Work instruction: Every entry needs to be written out again exactly, with its pictures removed.

━━ Records to use

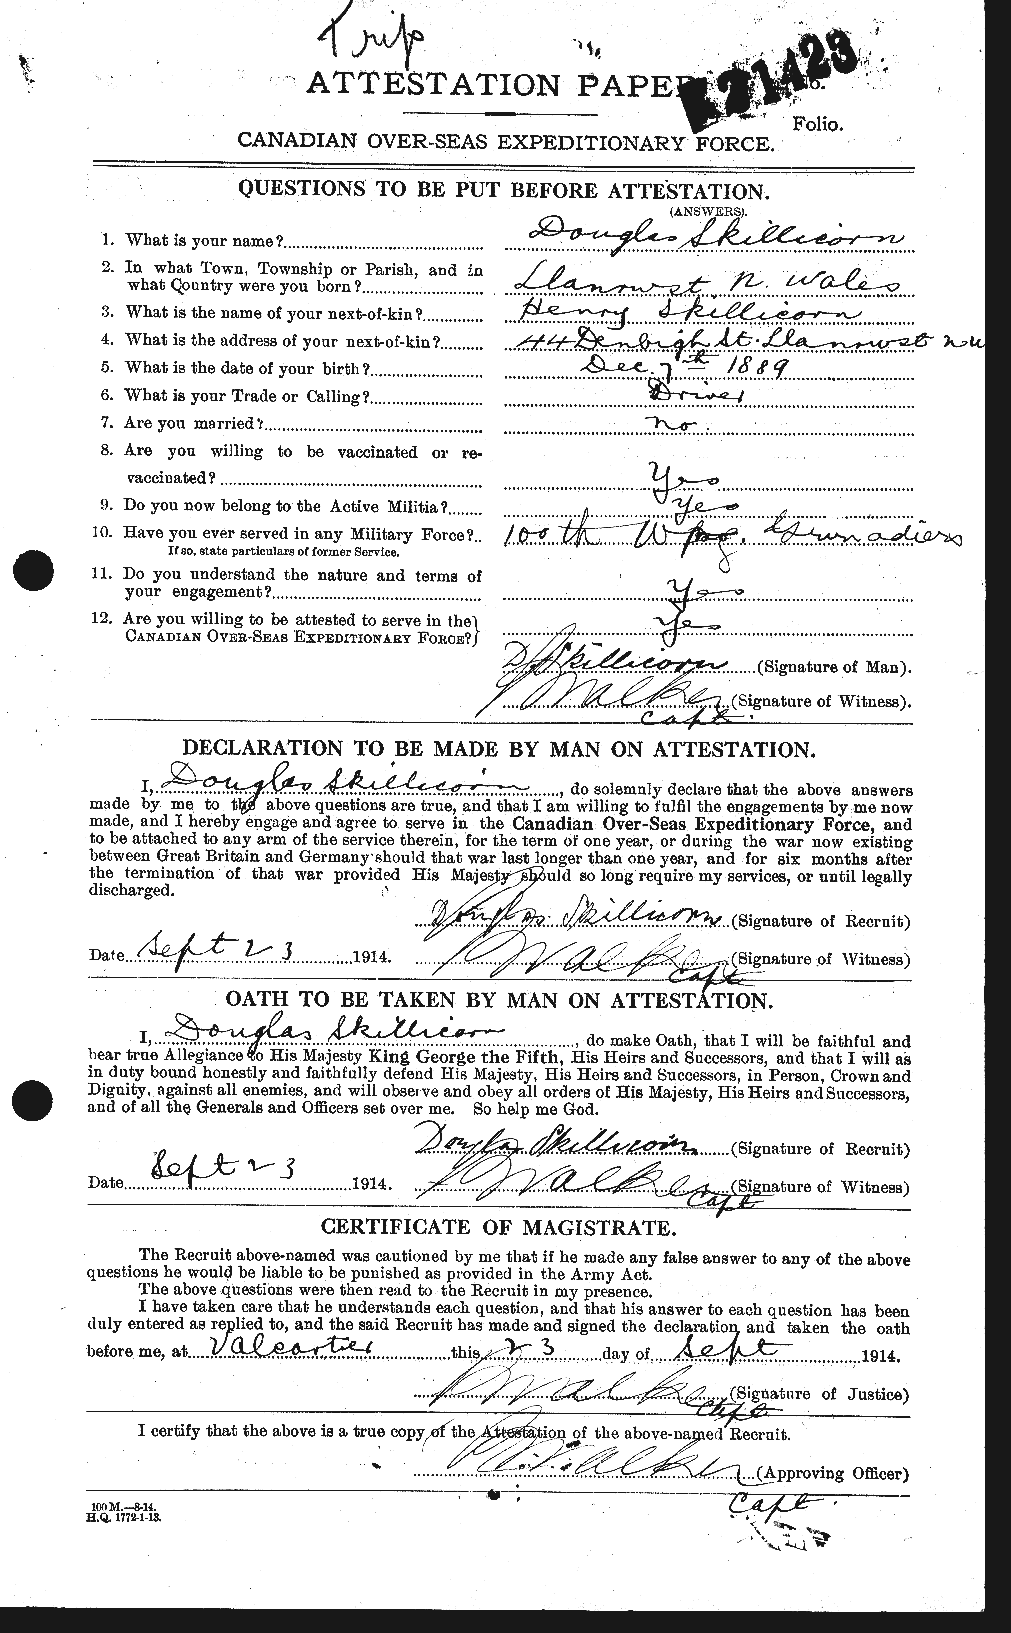 Personnel Records of the First World War - CEF 098996a
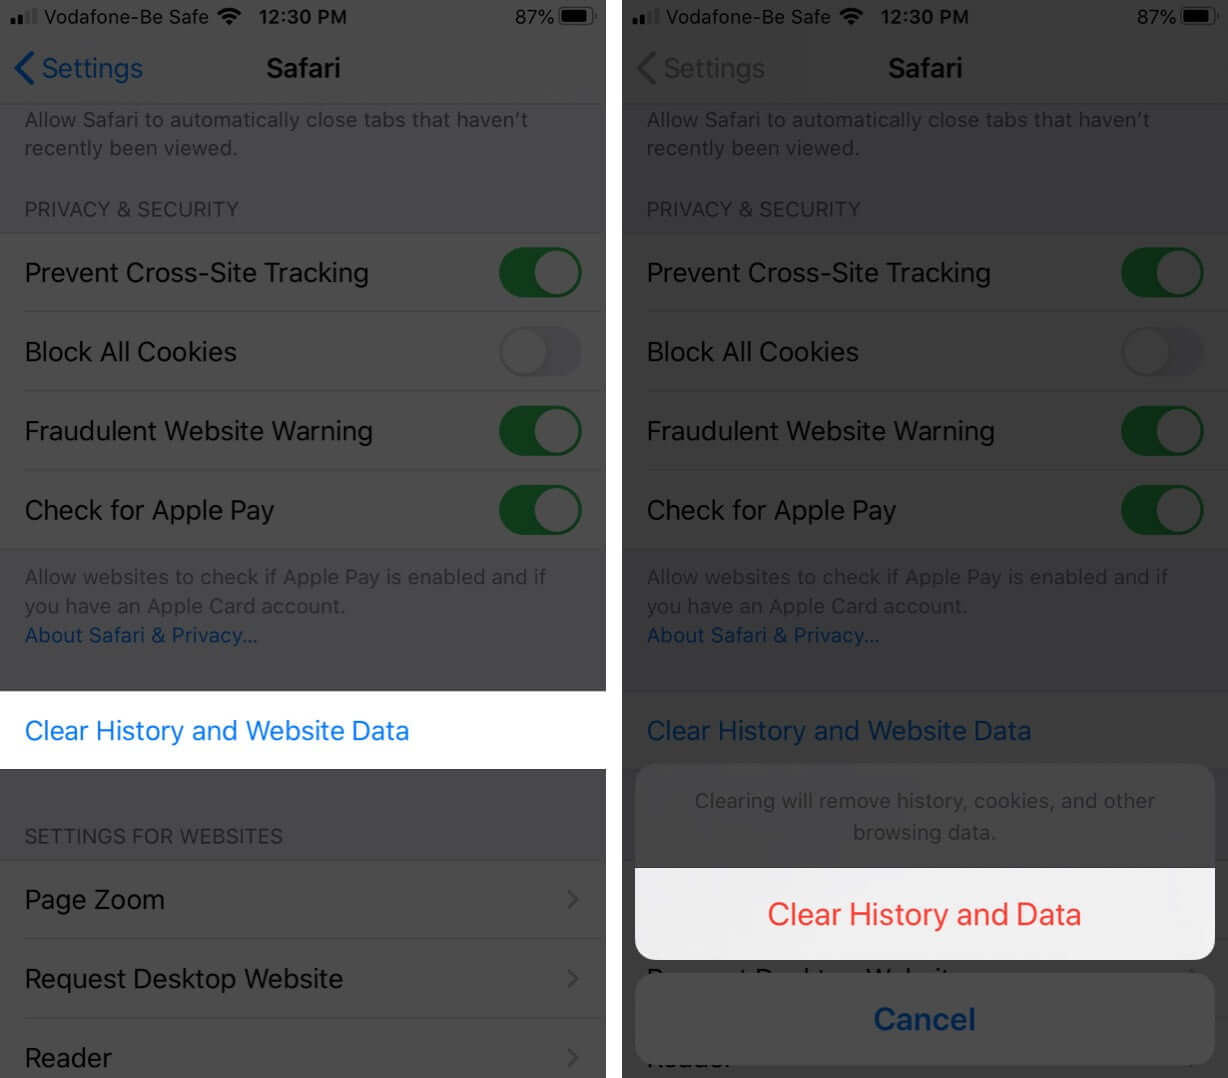 Tap on Clear History and Website Data to Delete History and Cookies in Safari on iPhone
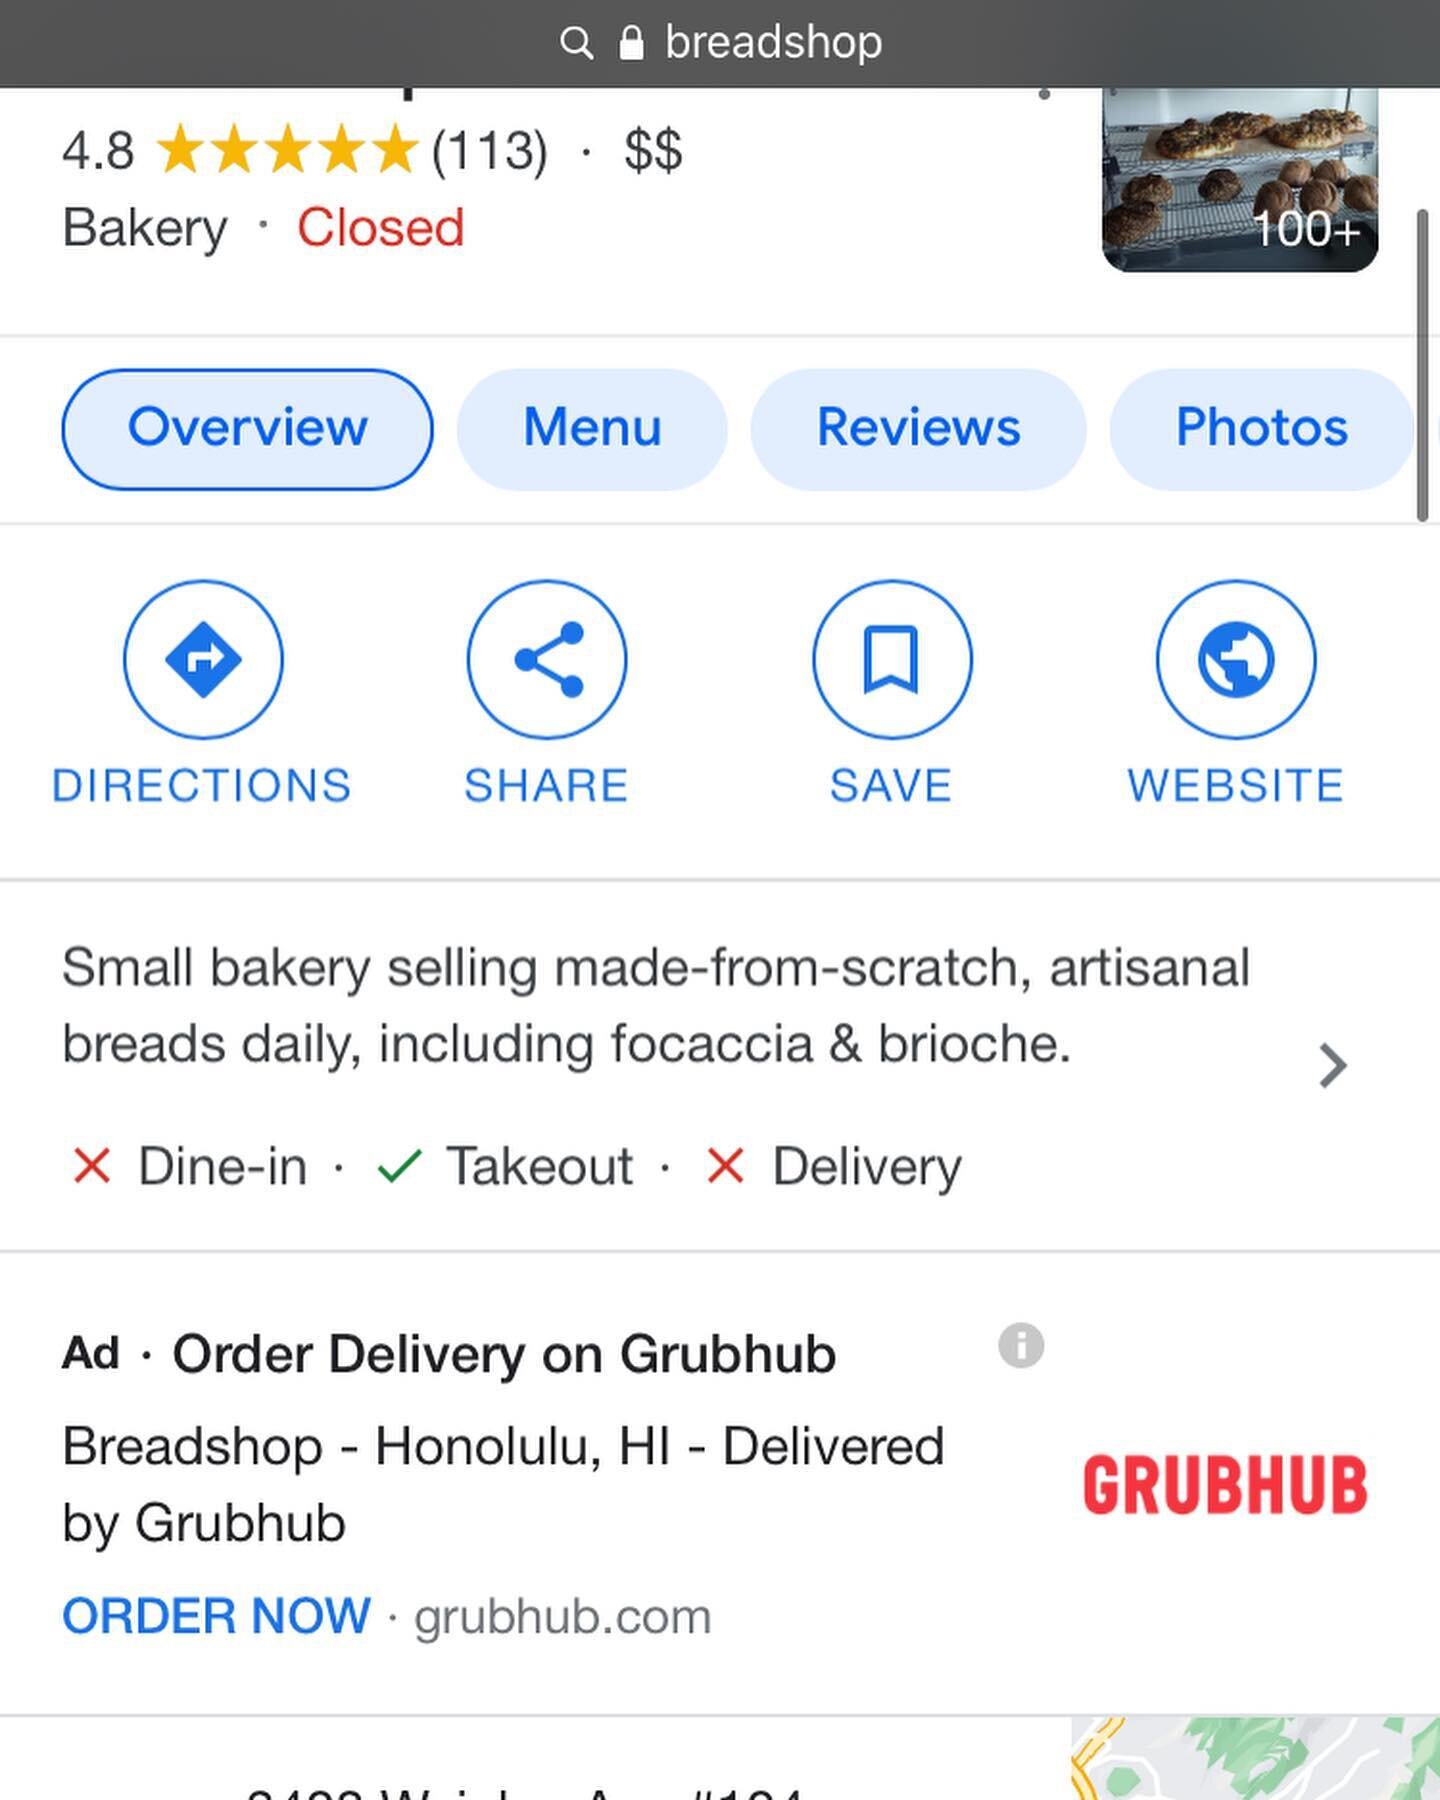 Dear @grubhub @google, 

Please remove this ad.

We do not use @grubhub for delivery or any other service. Furthermore the page and menu the ad takes you to does not represent @breadshophnl or is affiliated with us in any way.
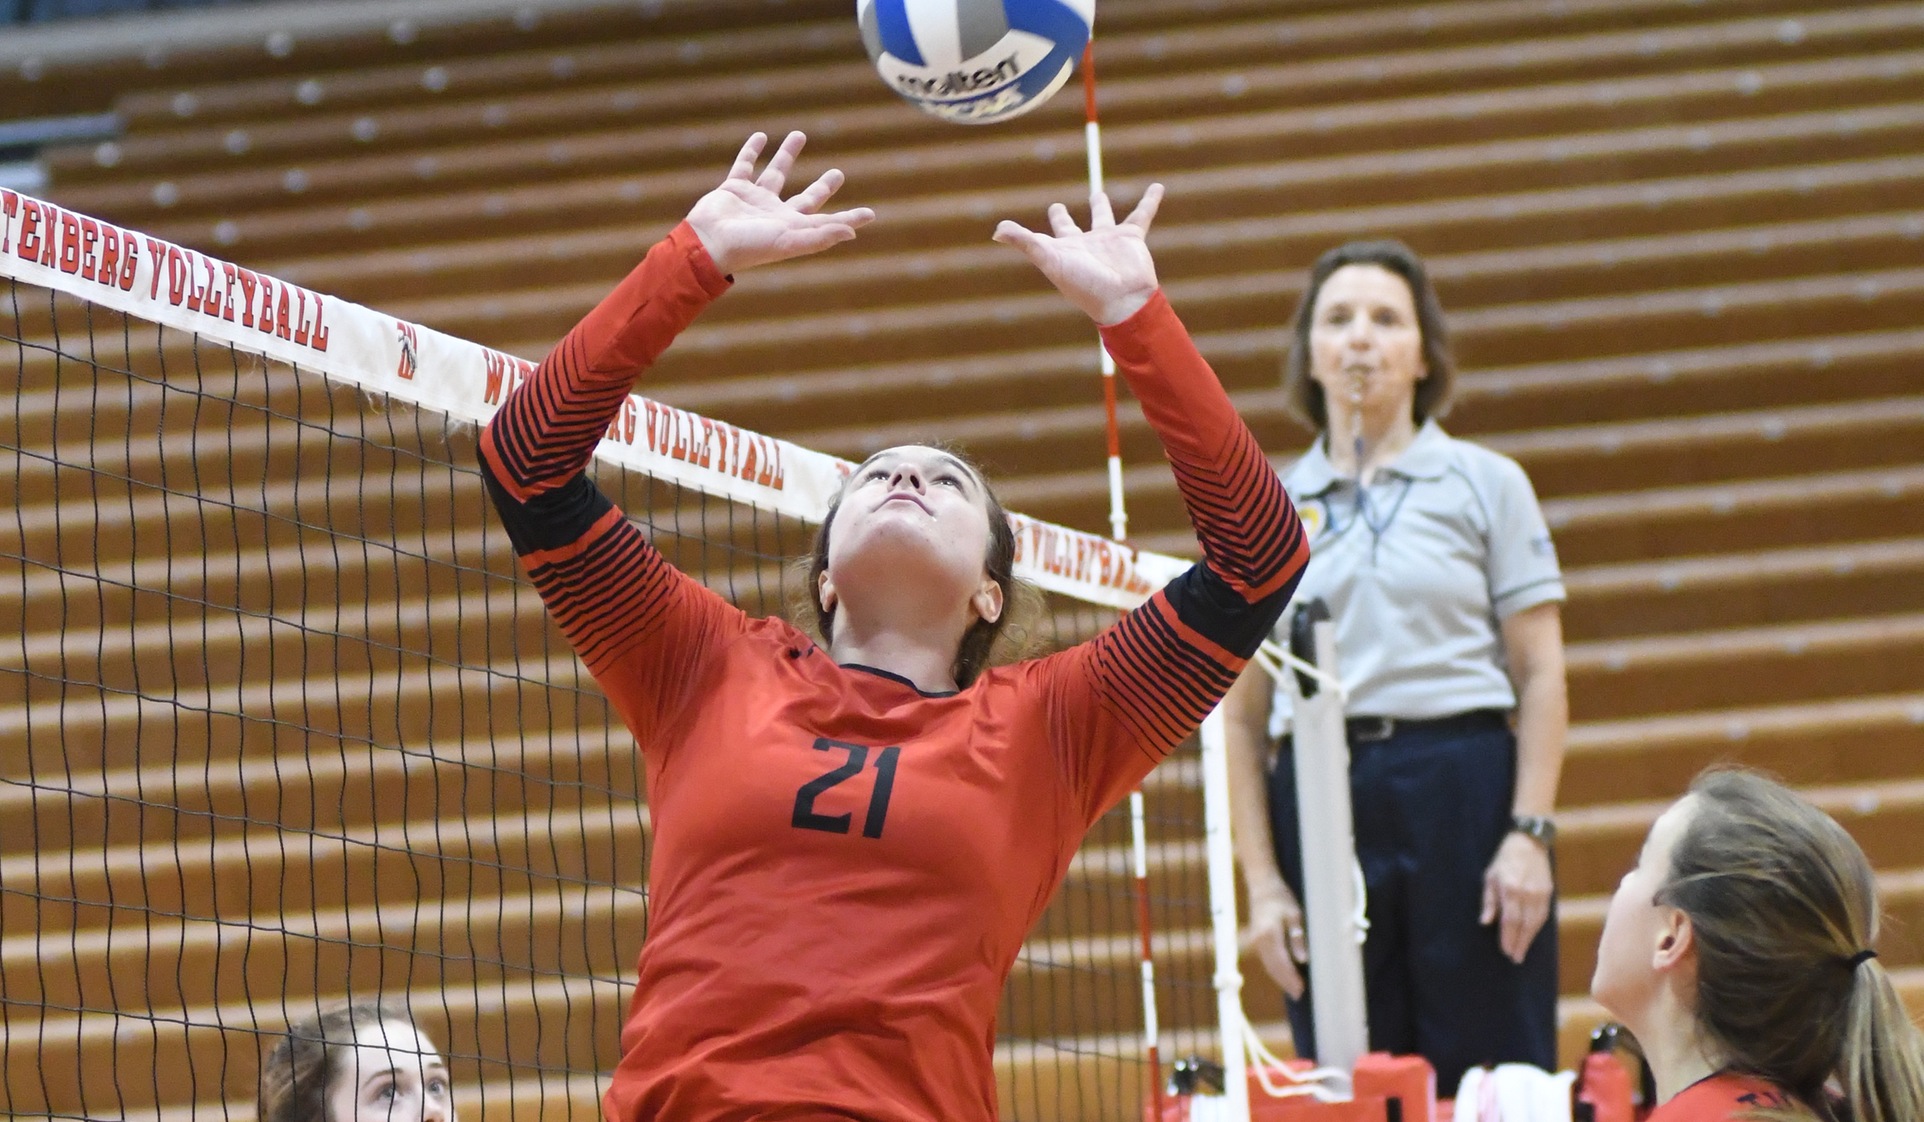 Fourth-ranked Wittenberg cruised to a 3-0 win over Otterbein in the season opener thanks to a 30-assist performance from senior setter Karen Wildemann.

━━━━

The completed task:
 Personnel Records of the First World War - CEF 098996a
 Tap on Clear History and Website Data to Delete History and Cookies in Safari on iPhone
 Dear @grubhub @google, 

Please remove this ad.

We do not use @grubhub for delivery or any other service. Furthermore the page and menu the ad takes you to does not represent @breadshophnl or is affiliated with us in any way.
 Fourth-ranked Wittenberg cruised to a 3-0 win over Otterbein in the season opener thanks to a 30-assist performance from senior setter Karen Wildemann.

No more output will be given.